### Provided material
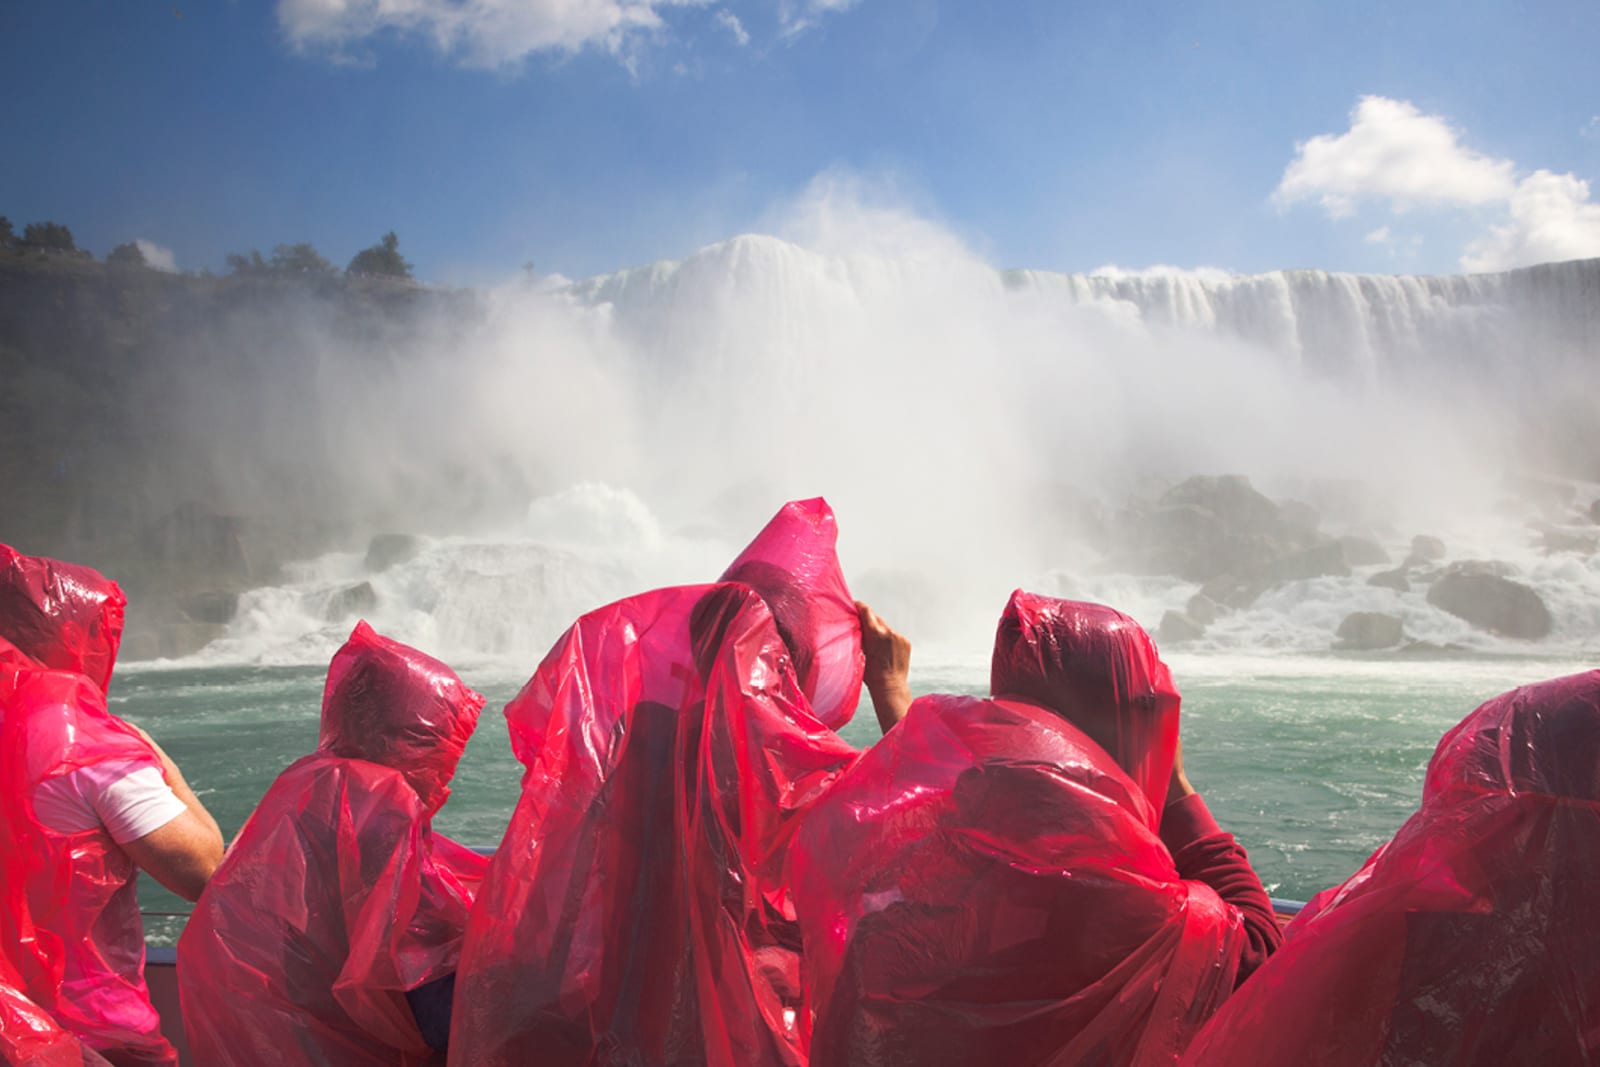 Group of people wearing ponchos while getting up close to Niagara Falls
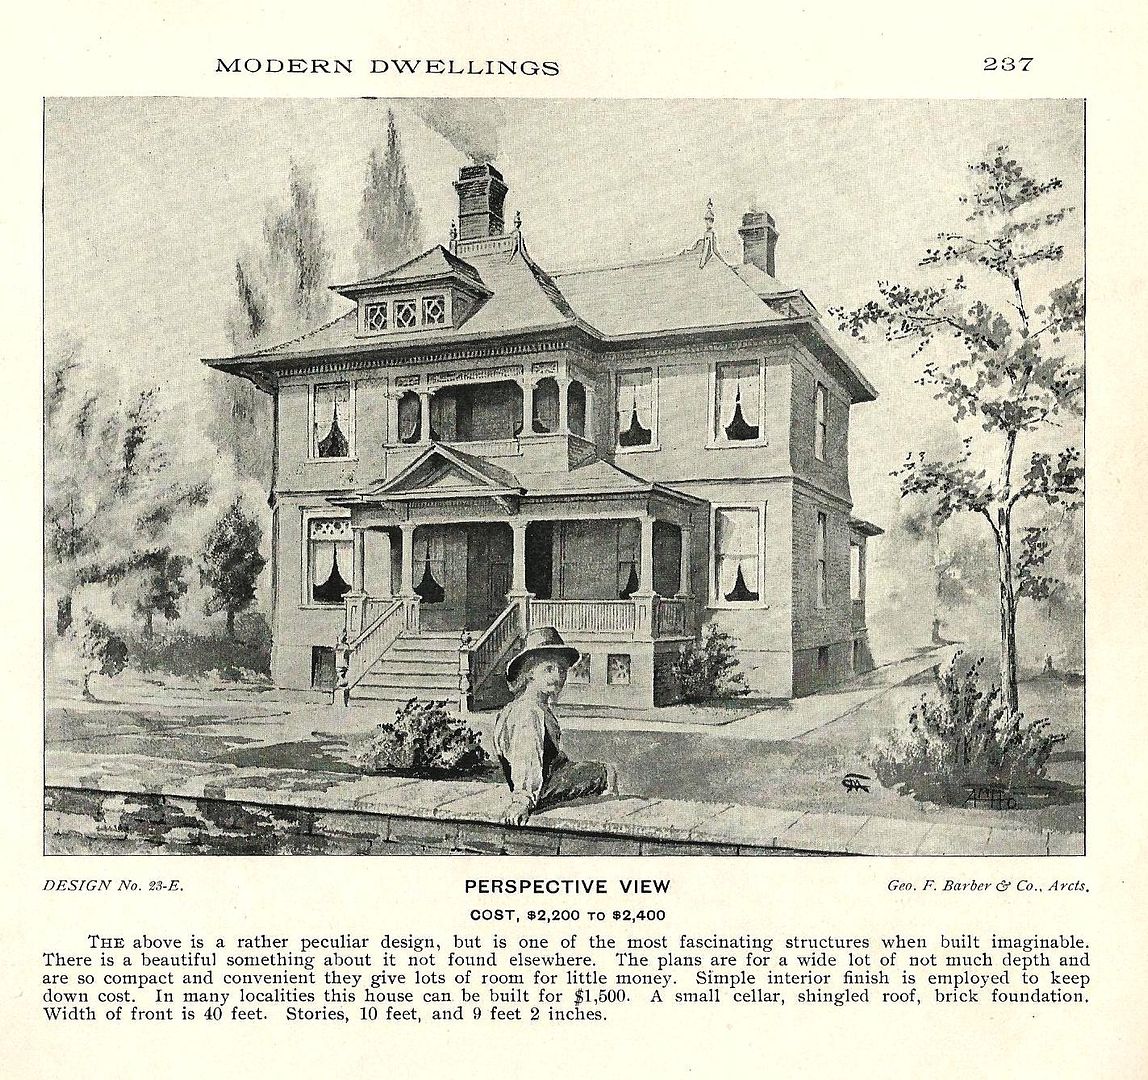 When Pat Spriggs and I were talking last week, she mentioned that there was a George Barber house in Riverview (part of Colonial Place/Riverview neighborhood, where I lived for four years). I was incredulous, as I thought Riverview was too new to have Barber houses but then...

--

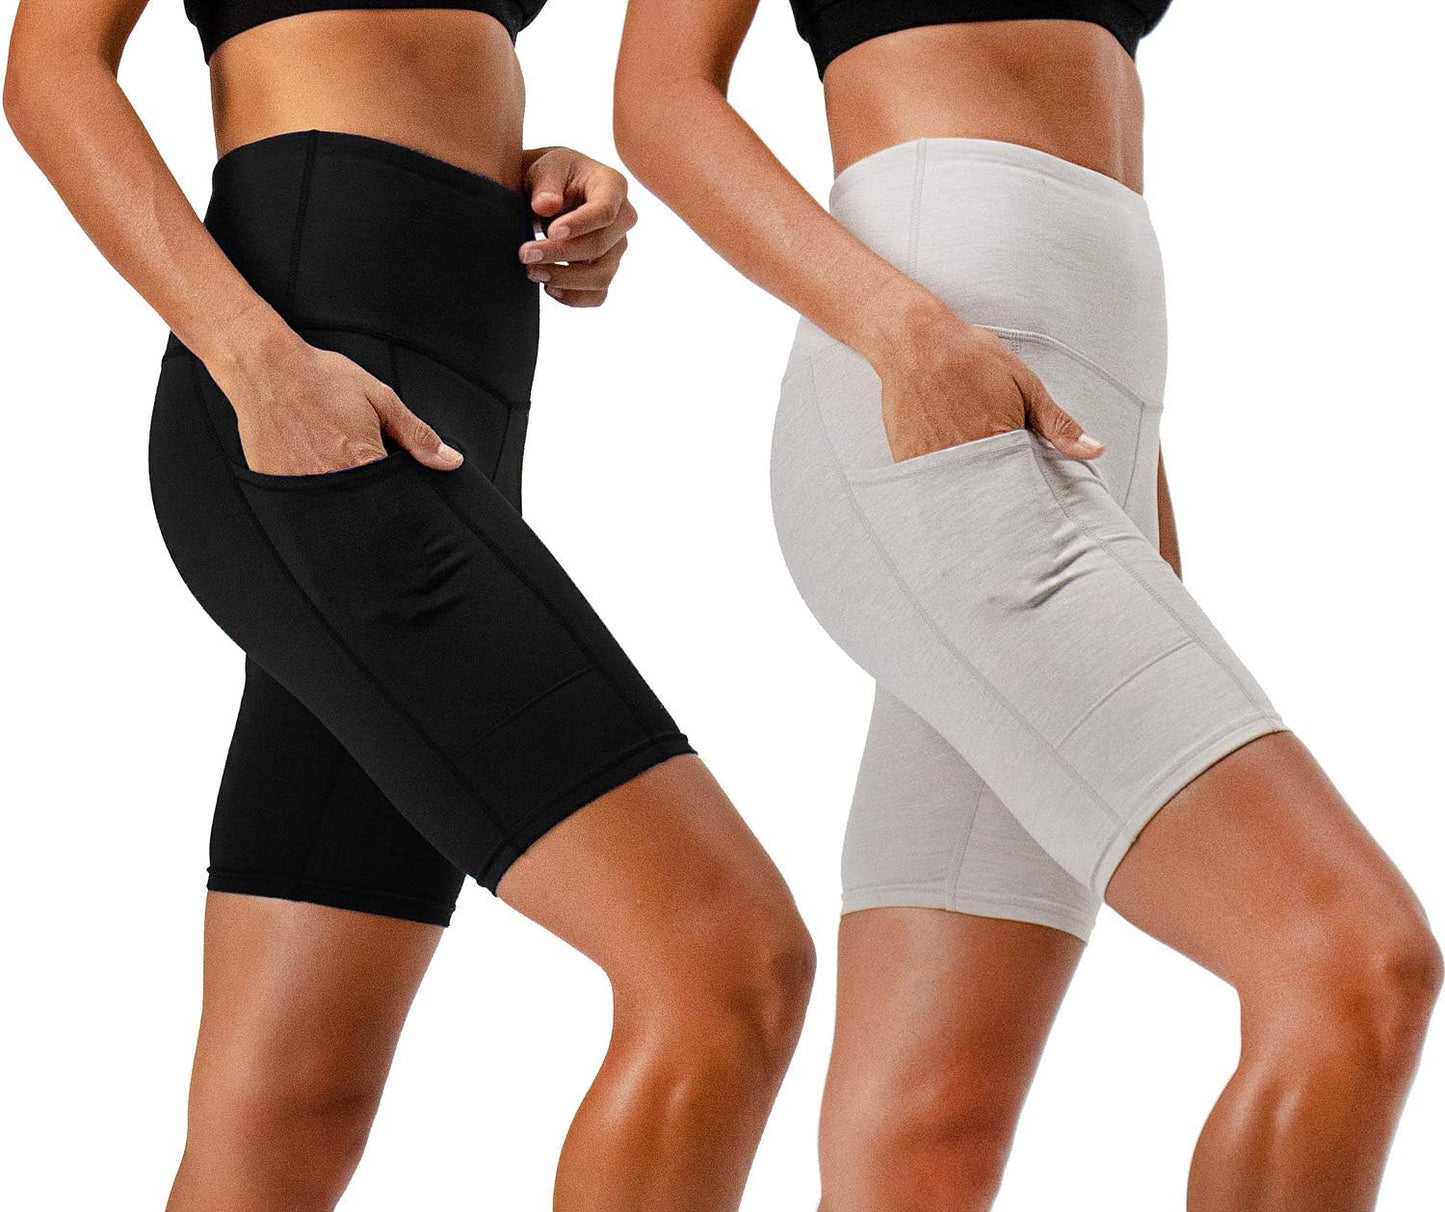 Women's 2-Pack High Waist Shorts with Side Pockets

### Description of the task
What do the entries above read from the line containing "Group of people" through the line containing "When Pat Spriggs"? Output those lines exactly, both ends included, with the pictures left out.

### Written response
 Group of people wearing ponchos while getting up close to Niagara Falls
 When Pat Spriggs and I were talking last week, she mentioned that there was a George Barber house in Riverview (part of Colonial Place/Riverview neighborhood, where I lived for four years). I was incredulous, as I thought Riverview was too new to have Barber houses but then...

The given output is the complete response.